There were other schemes, one to seek refuge in Sir John Oglander's House, in the Isle of Wight; and there was a talk of a ship being ordered to be somewhere ready for him; but when the escape was made, it appeared to have been just as ill contrived as all the rest of Charles's escapes. Ashburnham and Berkeley had contrived to meet the king in the evening in the gallery of Hampton Court, and settled the mode of escape. It was the king's custom, on the Mondays and Thursdays, to write letters for the foreign post, and in the evenings he left his bedchamber between five and six o'clock and went to prayers, and thence to supper. On one of these evenings, Thursday, the 11th of November, Whalley, finding the king much later than usual in leaving his chamber, became uneasy, went thither, and found him gone. On the table he had left some letters, one to the Parliament, another to the Commissioners, and a third to Colonel Whalley. In the letter to the Parliament he said liberty was as necessary to kings as others; that he had endured a long captivity in the hope that it might lead to a good peace, but that, as it did not, he had withdrawn himself; that, wherever he might be, he should earnestly desire a satisfactory agreement without further bloodshed, and was ready to break through his cloud of retirement and show himself the father of his country whenever he could be heard with honour, freedom, and safety.

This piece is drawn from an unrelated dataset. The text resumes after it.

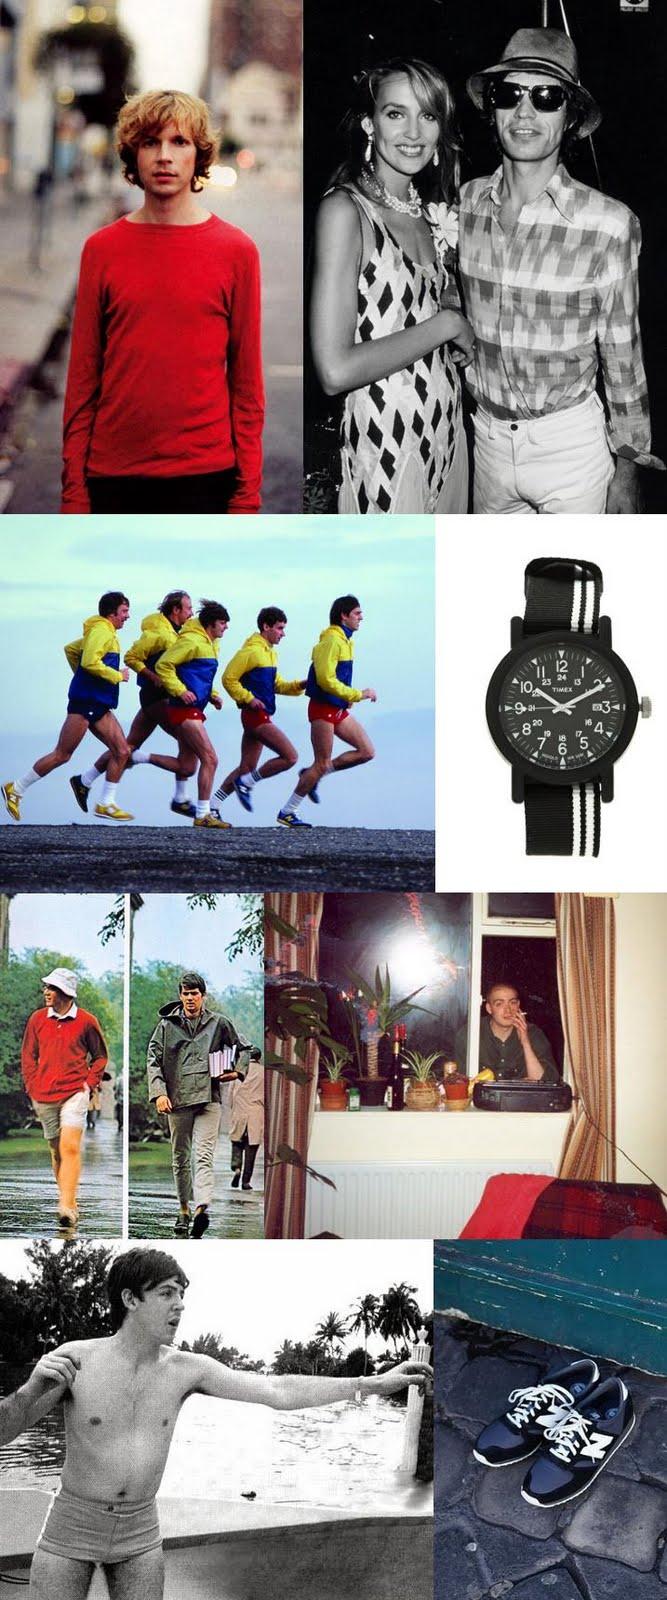 http://3.bp.blogspot.com/_PYqHLh0dSJ4/TH0_vpfpx3I/AAAAAAAAFqo/uWF8gloRUBQ/s1600/guy+style.jpg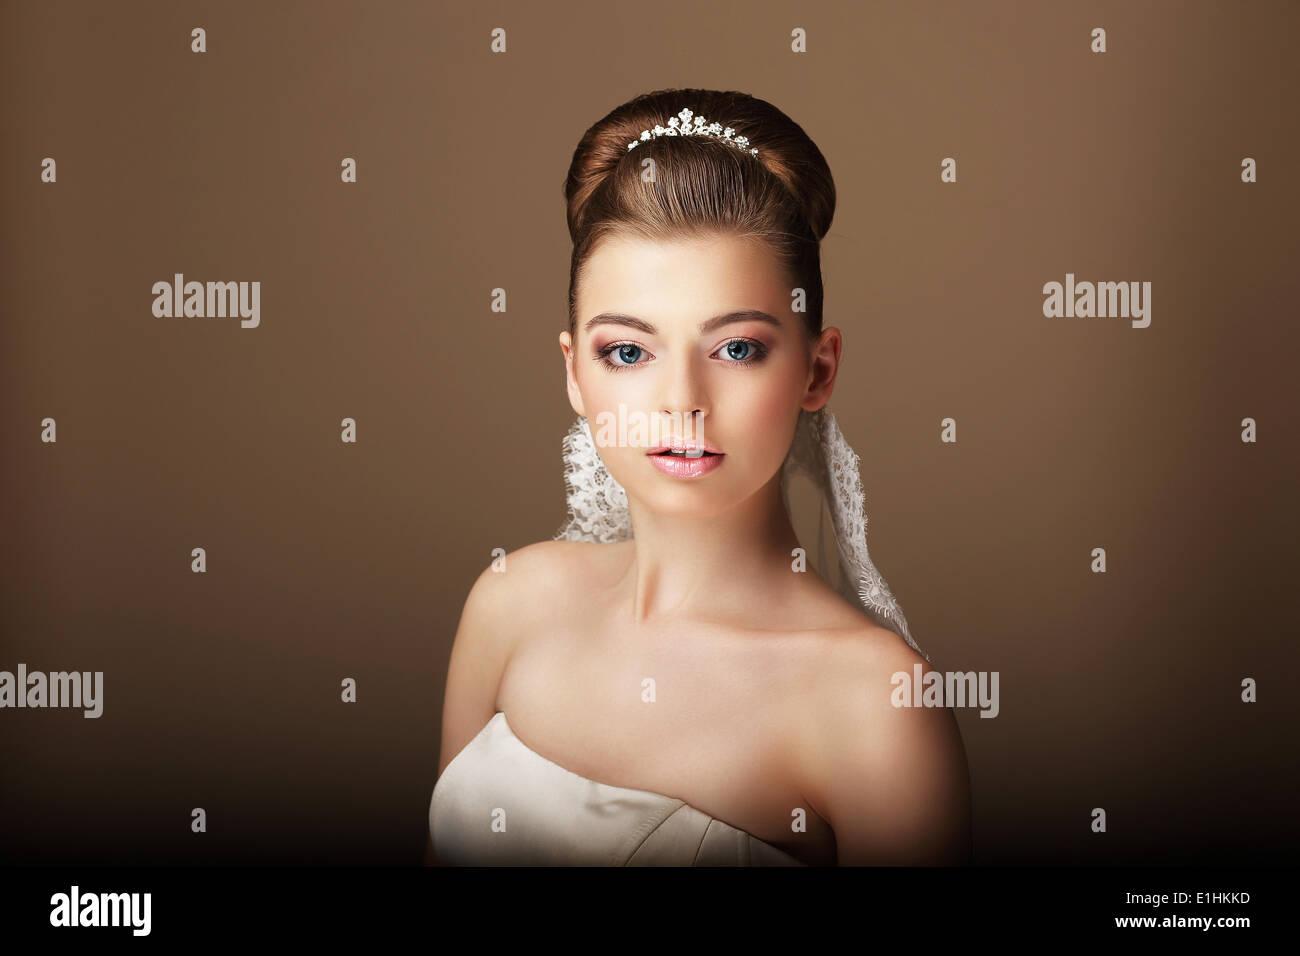 Retrato de joven morenita con maquillaje natural Foto de stock

CARISBROOKE CASTLE, ISLE OF WIGHT. (From a photograph by F. G. O. Stuart, Southampton.)
It appeared that he had escaped by way of Paradise, a place so called in the gardens; his cloak was found lying in the gallery, and there were tramplings about a back gate leading to the waterside. Legge accompanied him down the backstairs, and Ashburnham and Berkeley joined them at the gate. The night was dark and stormy, which favoured their escape. They crossed the river at Thames Ditton, and made for Sutton, in Hampshire, where they had horses in readiness. Why they had not provided horses at a nearer point does not appear. In the night they lost their way in the forest, and reaching Sutton only at daybreak, and hearing that a county committee on Parliamentary business was sitting there, they got out their horses, and rode away towards Southampton.
That night Cromwell was aroused from his bed at Putney with a startling express that the king had escaped. He at once despatched a letter to the Speaker, Lenthall, dated twelve o'clock, with the tidings for Parliament, and the news was announced next morning to both Houses. The confusion may be imagined; orders were issued to close all ports; and those who concealed the place of the king's retreat, or harboured his person, were declared guilty of high treason, and menaced with loss of all their estate, and with death without mercy. On the 13th of November Whalley gave a narrative to the Lords of the particulars of his escape as far as known. It appeared that the repeated howling of a greyhound in the king's chamber first assured them that he could not be there. However, on Monday, the 15th, a letter from Colonel Hammond, from the Isle of Wight, much to the relief of Parliament and army, announced that the absconded king was safe in his hands at Carisbrooke Castle.